====== GIVEN RECORDS ======

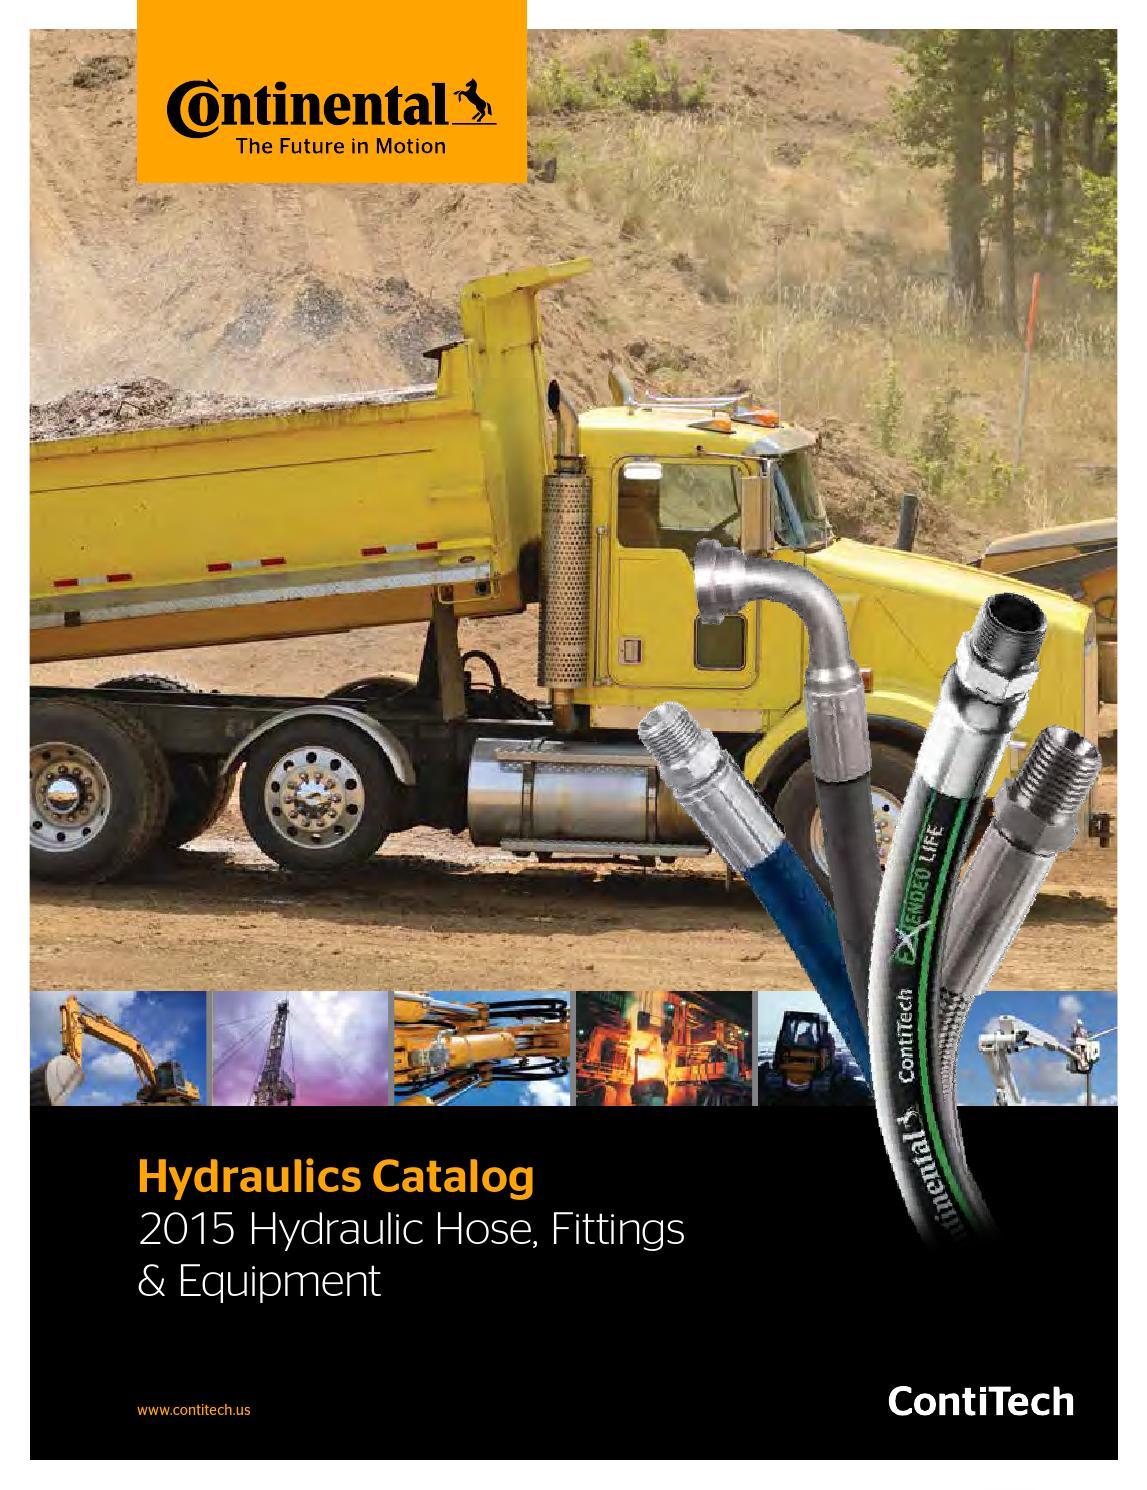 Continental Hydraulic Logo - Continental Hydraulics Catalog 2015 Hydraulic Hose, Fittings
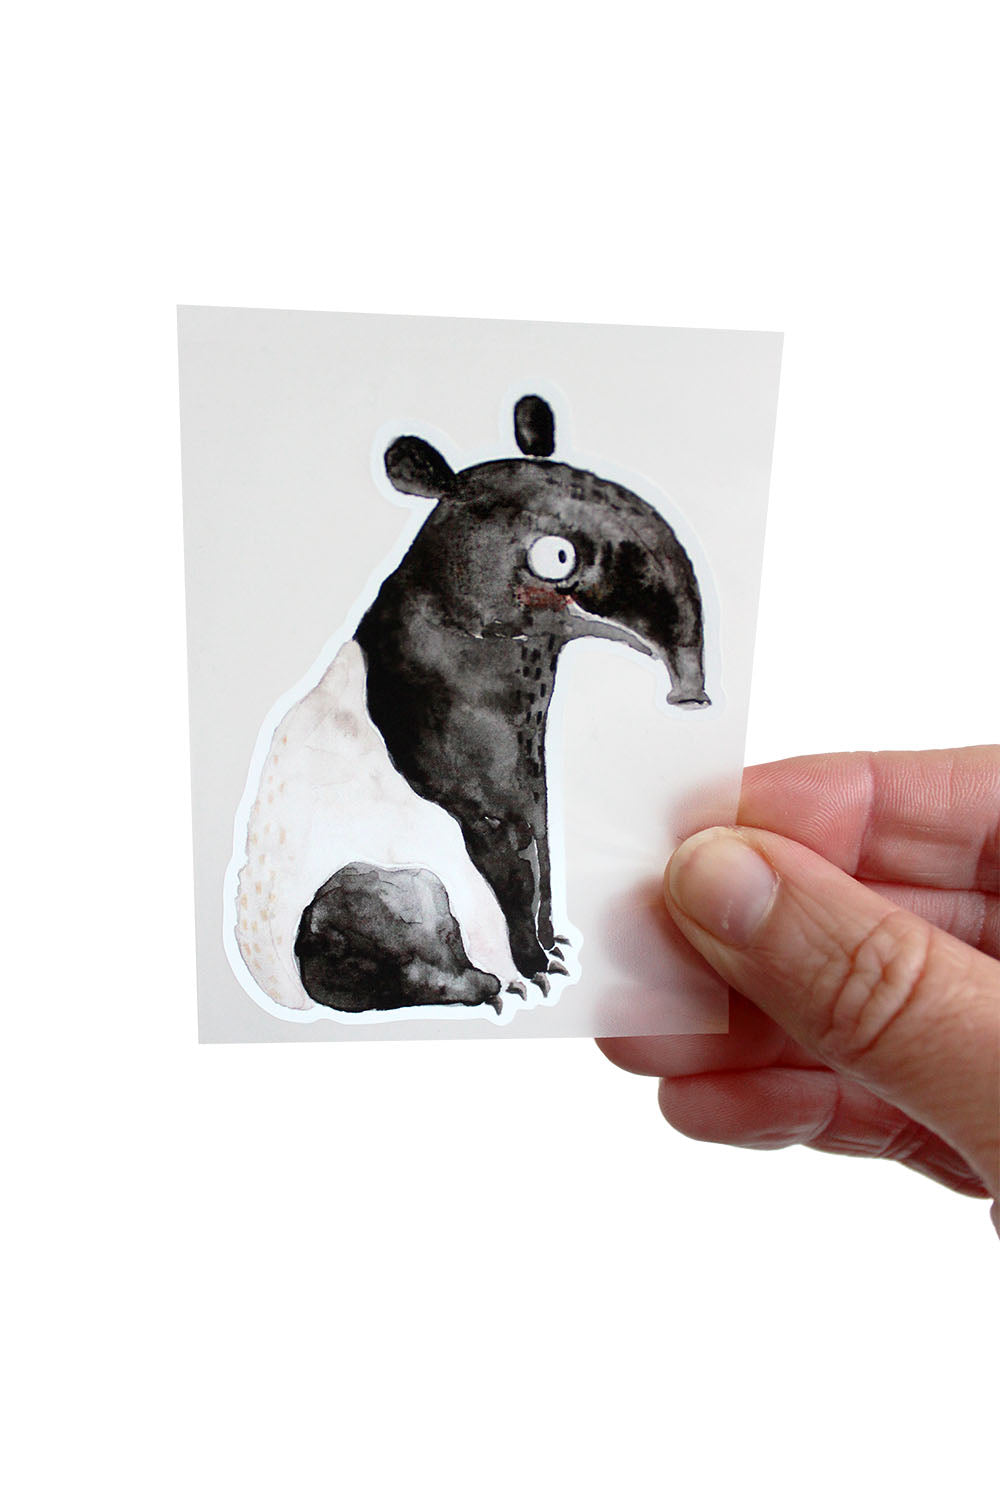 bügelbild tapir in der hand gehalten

======
====== GIVEN RECORDS ======

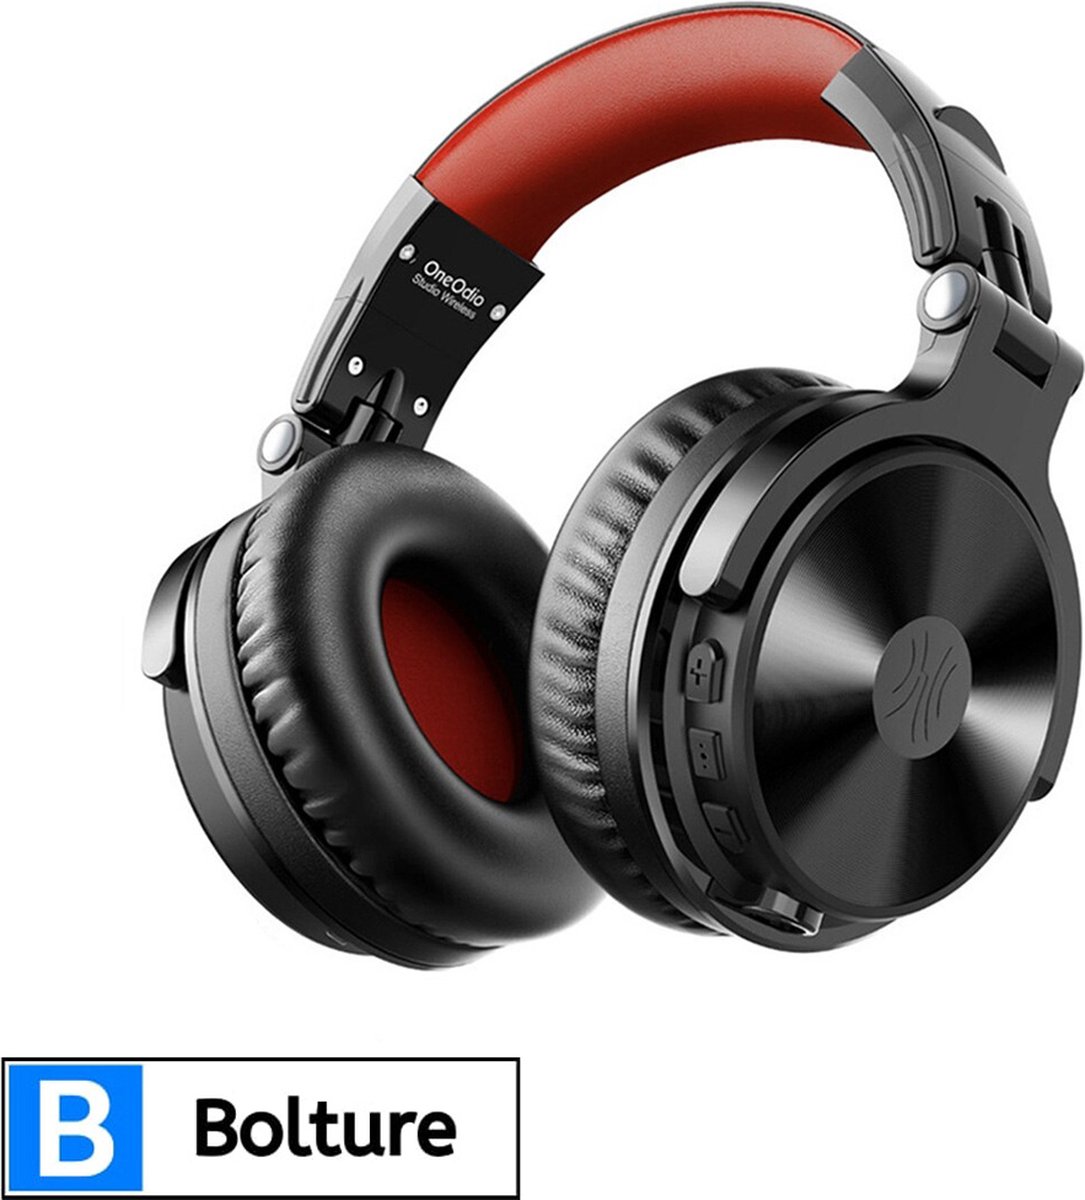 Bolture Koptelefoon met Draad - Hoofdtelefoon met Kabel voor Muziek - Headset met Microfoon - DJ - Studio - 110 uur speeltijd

======

#### [WHAT THE TASK REQUIRES]
A word-for-word reproduction is needed of the lines above from the line containing "Continental Hydraulic Logo" through the line containing "bügelbild tapir in der hand gehalten", with both ends kept and no pictures.

#### [TASK ANSWER]
 Continental Hydraulic Logo - Continental Hydraulics Catalog 2015 Hydraulic Hose, Fittings
 bügelbild tapir in der hand gehalten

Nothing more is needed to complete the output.